I finished 'Lucky', a few days ago.

I didn't find it all that usefull, but there was a few things that made me realise that i wasn't the only person thinking like that. Actually what moved me the most was the bit about her friend being r*ped.
Im pleased i read it though. I skipped the first chapter, cos i knew that had the tiggering bits, but the rest still made sense.

I have read the book 'Speak' it is directed at teenagers but anyone can read it. I found it abit drawn out, but it did help abit.

'Watching the Roses' (i can't remember who its by) was probably the best one i have read. It is fiction (but written so truthfully, i think the author had some personal experience) and based on the fairytale Sleeping Beauty.
I kept thinking something was familar the whole way throught cos i hadn't read the blurb, which explains its based on a fairytale, duh!
But it was very sincere, its pretty obvious when its gets to the triggering stage. And it has a happy ending.
Some might say its not real life, but what she was feeling and saying was. And in a way, i did what she did, but instead of staying in my bed, i stayed within my own personal walls.
Give it a go!

I finished reading Trauma and Recovery:
It is a very matter of fact book, which is good, because sometimes you don't want all the emotions. It seems to be written for proffesionals, but its written in a way me and you can read it. I did find some parts helpful, and it helped me realise where i was on the '3 stages of healing' (thats only a rough guide though). I would recommend it to people not wanting first hand accounts, and wanting to understand trauma and its affects.
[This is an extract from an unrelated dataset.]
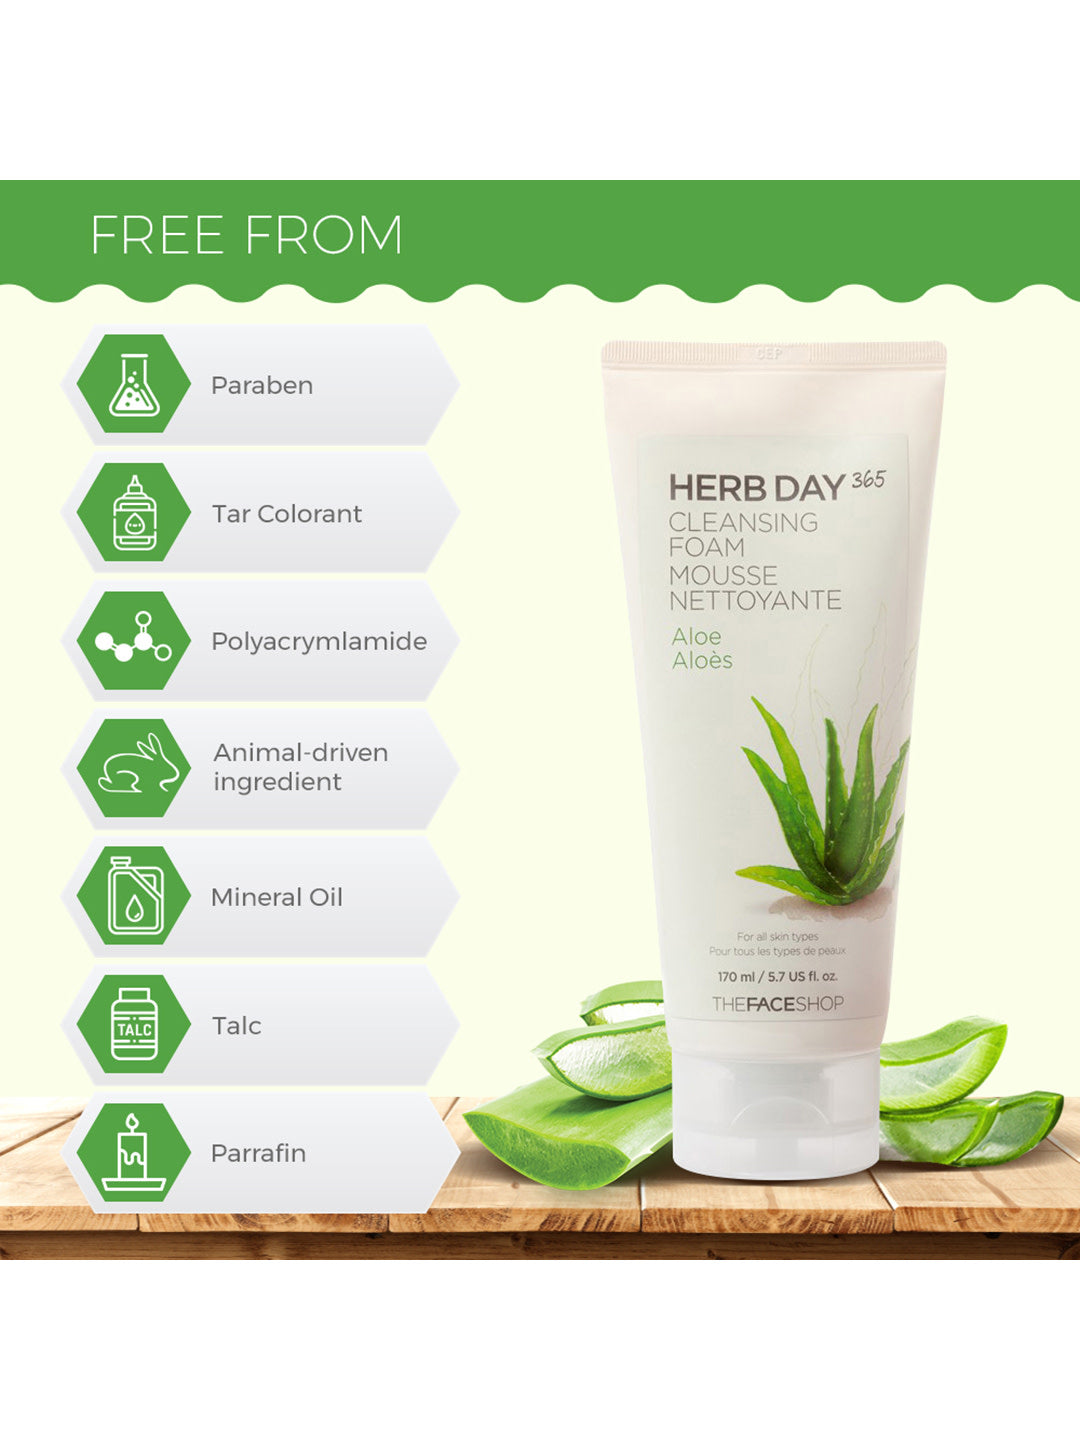 THE FACESHOP Herb Day 365 Cleansing Foam Aloe - Misumi Cosmetics Nepal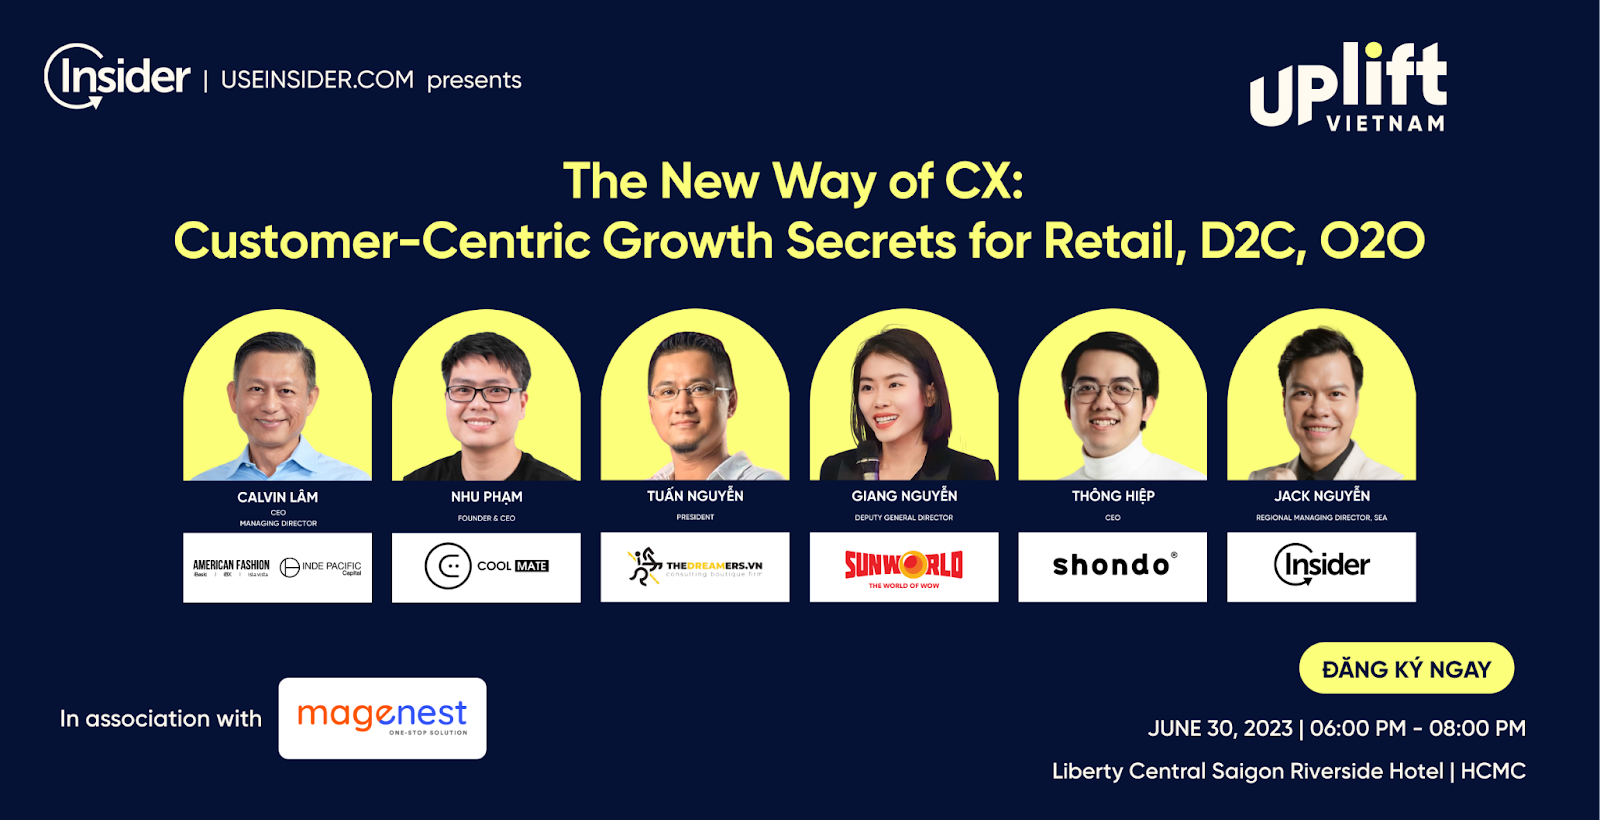 The New Way of CX: Customer-Centric Growth Secrets for Retail, D2C, O2O

While im here i might aswell add 'Emotional Rsilience: Simple truths for dealing with the unfinished business of your past" whew thats a long one.
If Trauma and Recovery is matter of fact this is well, no bullsh*t i suppose. He has a kind of no sympathy approach which at first took me back. But its good once again, to have no emotions in it.
I found it made me look at my feelings and reactions to feelings in a different way. I didn't agree with all the things he wrote. And its not aimed only at SA survior.
If you are wanting to try and accept the past and move on i would recommend it.
I would also recommend it because it does give another point of view.
To sum up, it made me think, i only got triggered once through the whole book, and its very much 'cut the crap and get on with life' in a positive way.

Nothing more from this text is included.